**Given information**
[Start of section]

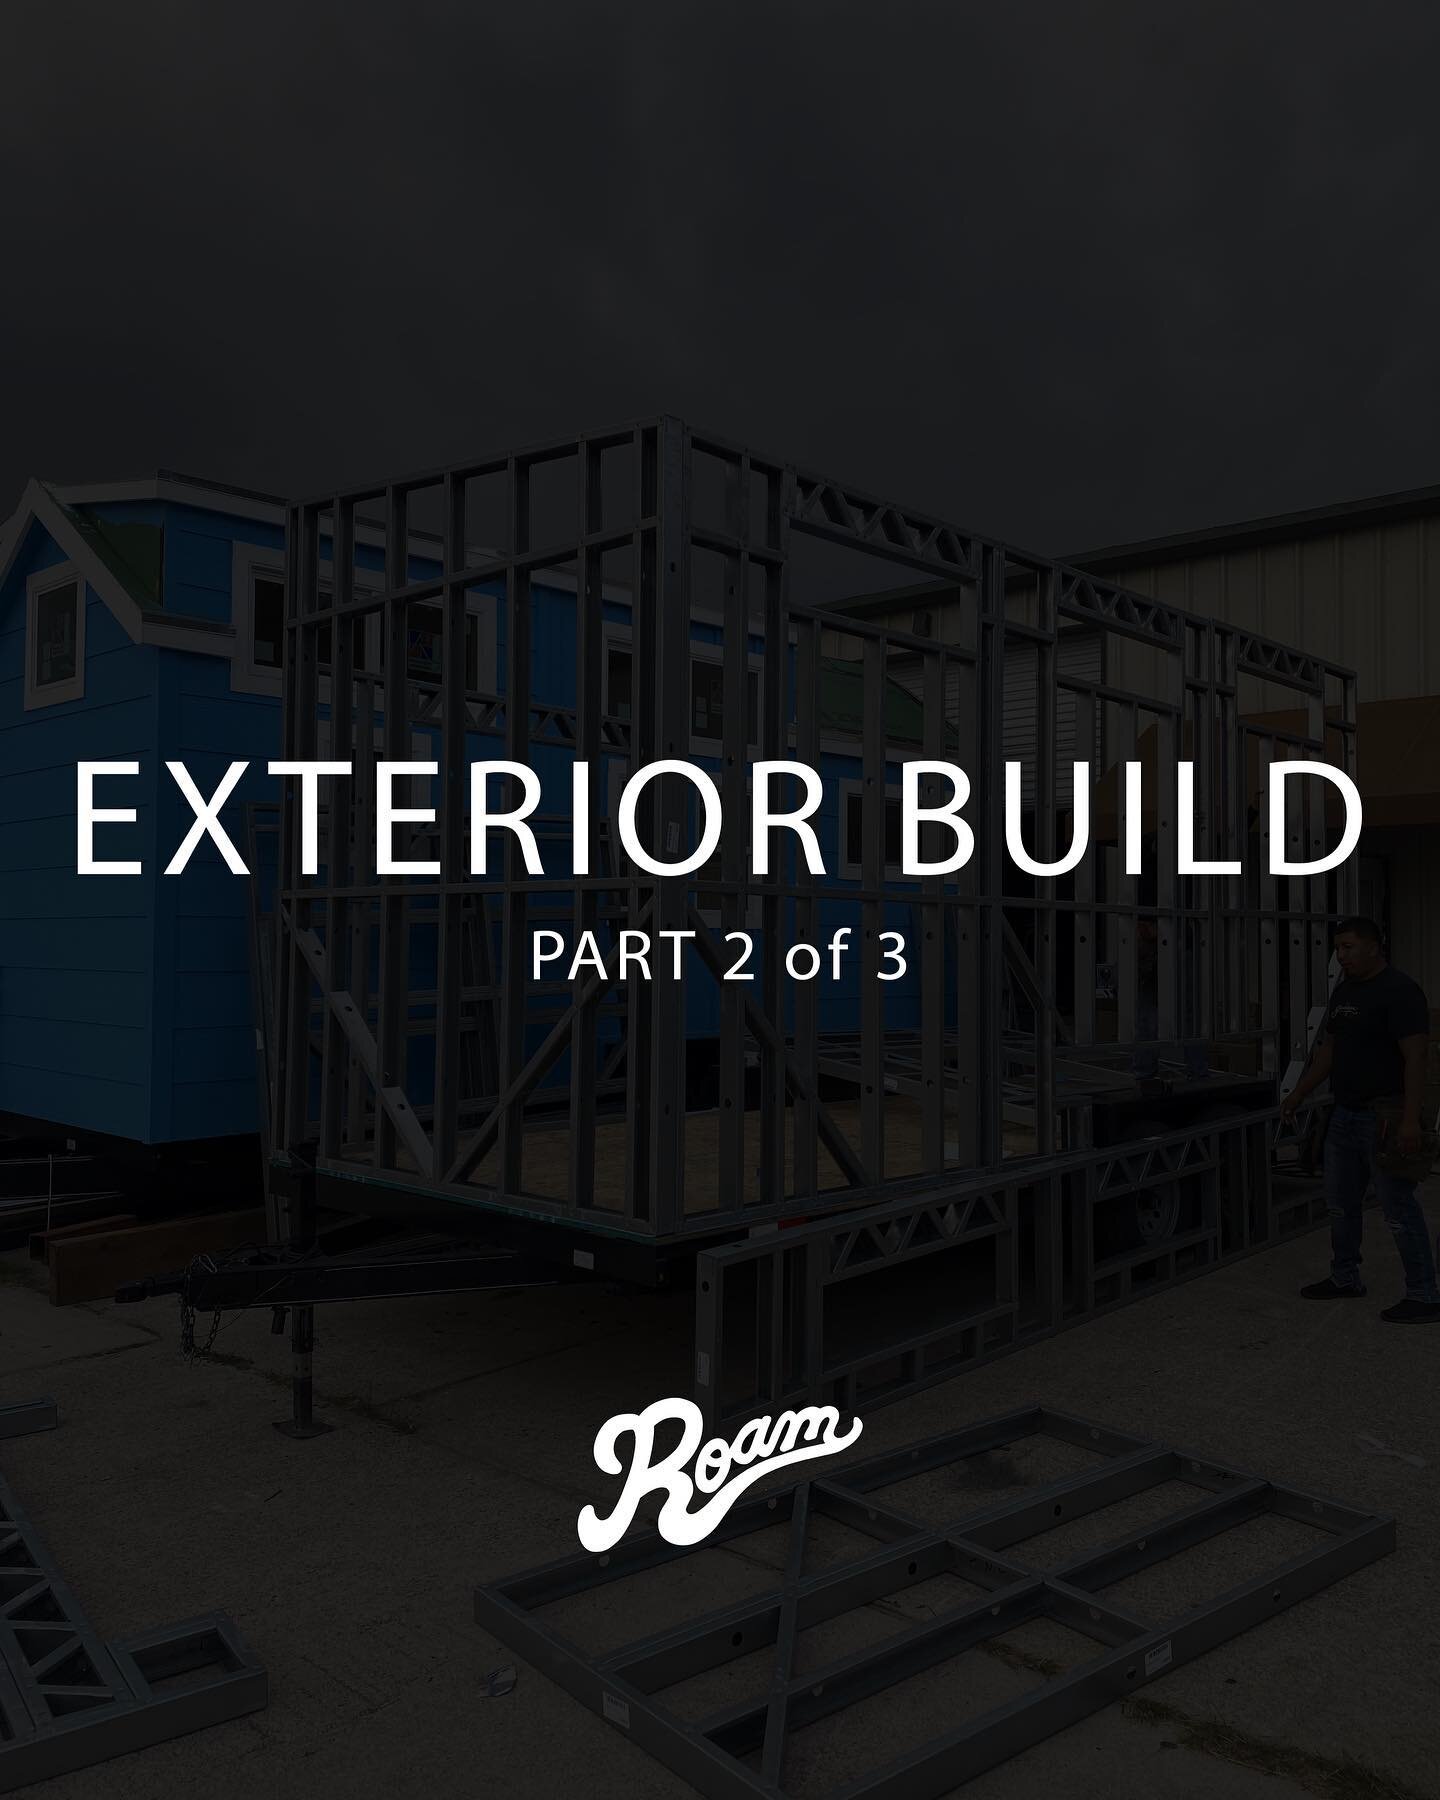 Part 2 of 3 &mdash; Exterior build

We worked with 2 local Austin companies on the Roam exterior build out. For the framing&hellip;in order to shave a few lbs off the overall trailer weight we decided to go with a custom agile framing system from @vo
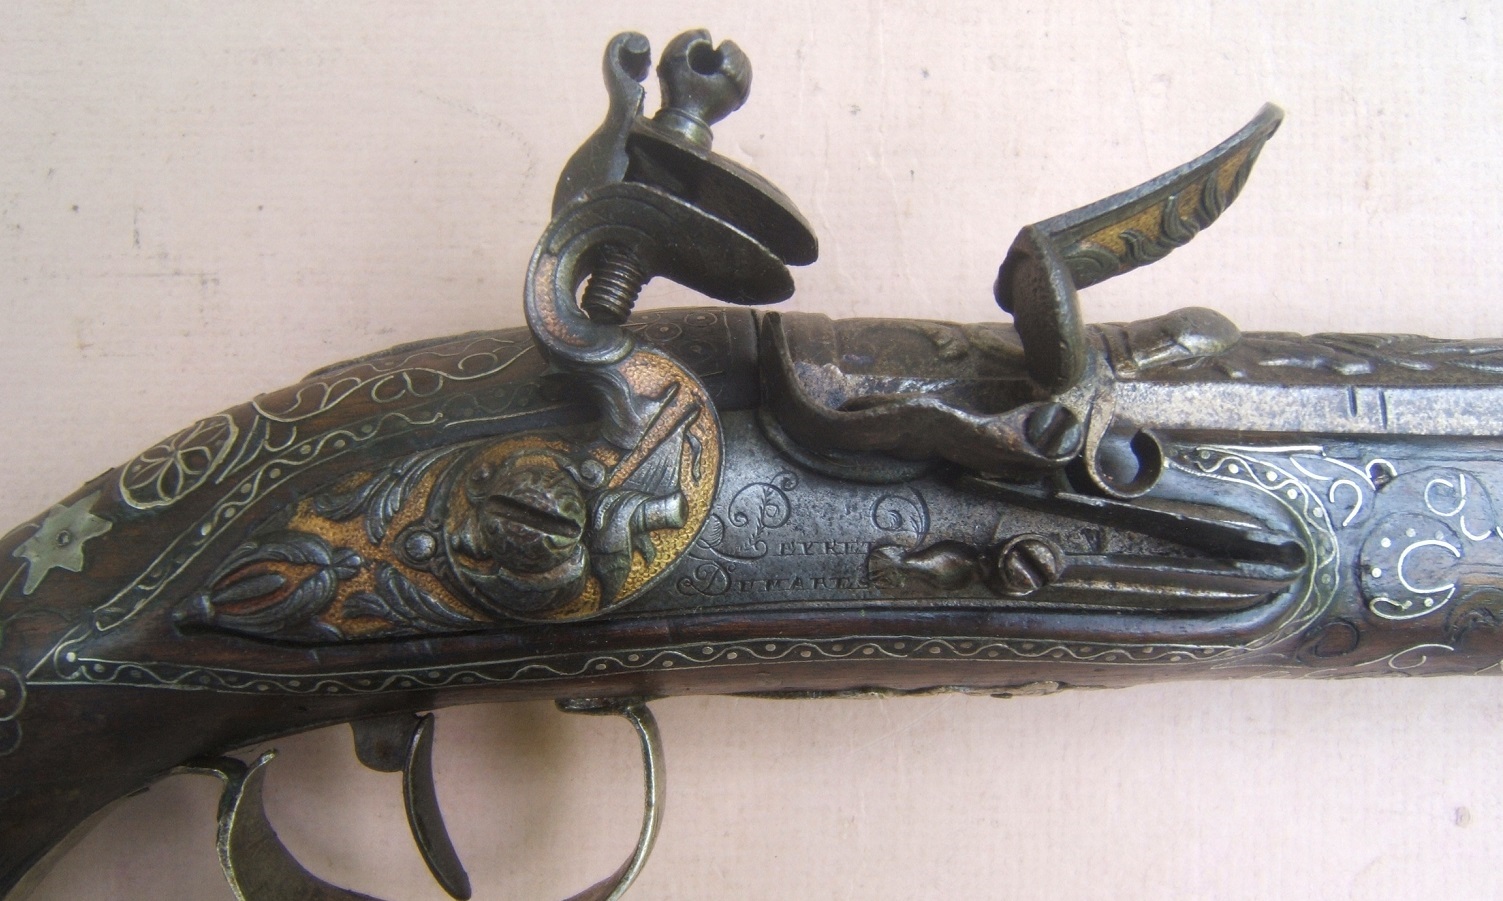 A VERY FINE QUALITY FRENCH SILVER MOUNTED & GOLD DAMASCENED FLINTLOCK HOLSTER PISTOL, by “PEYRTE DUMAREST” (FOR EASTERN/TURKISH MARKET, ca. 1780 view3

[End of section]

Write all the lines above out again exactly, minus the images.

**Exercise solution**
 Part 2 of 3 &mdash; Exterior build

We worked with 2 local Austin companies on the Roam exterior build out. For the framing&hellip;in order to shave a few lbs off the overall trailer weight we decided to go with a custom agile framing system from @vo
 A VERY FINE QUALITY FRENCH SILVER MOUNTED & GOLD DAMASCENED FLINTLOCK HOLSTER PISTOL, by “PEYRTE DUMAREST” (FOR EASTERN/TURKISH MARKET, ca. 1780 view3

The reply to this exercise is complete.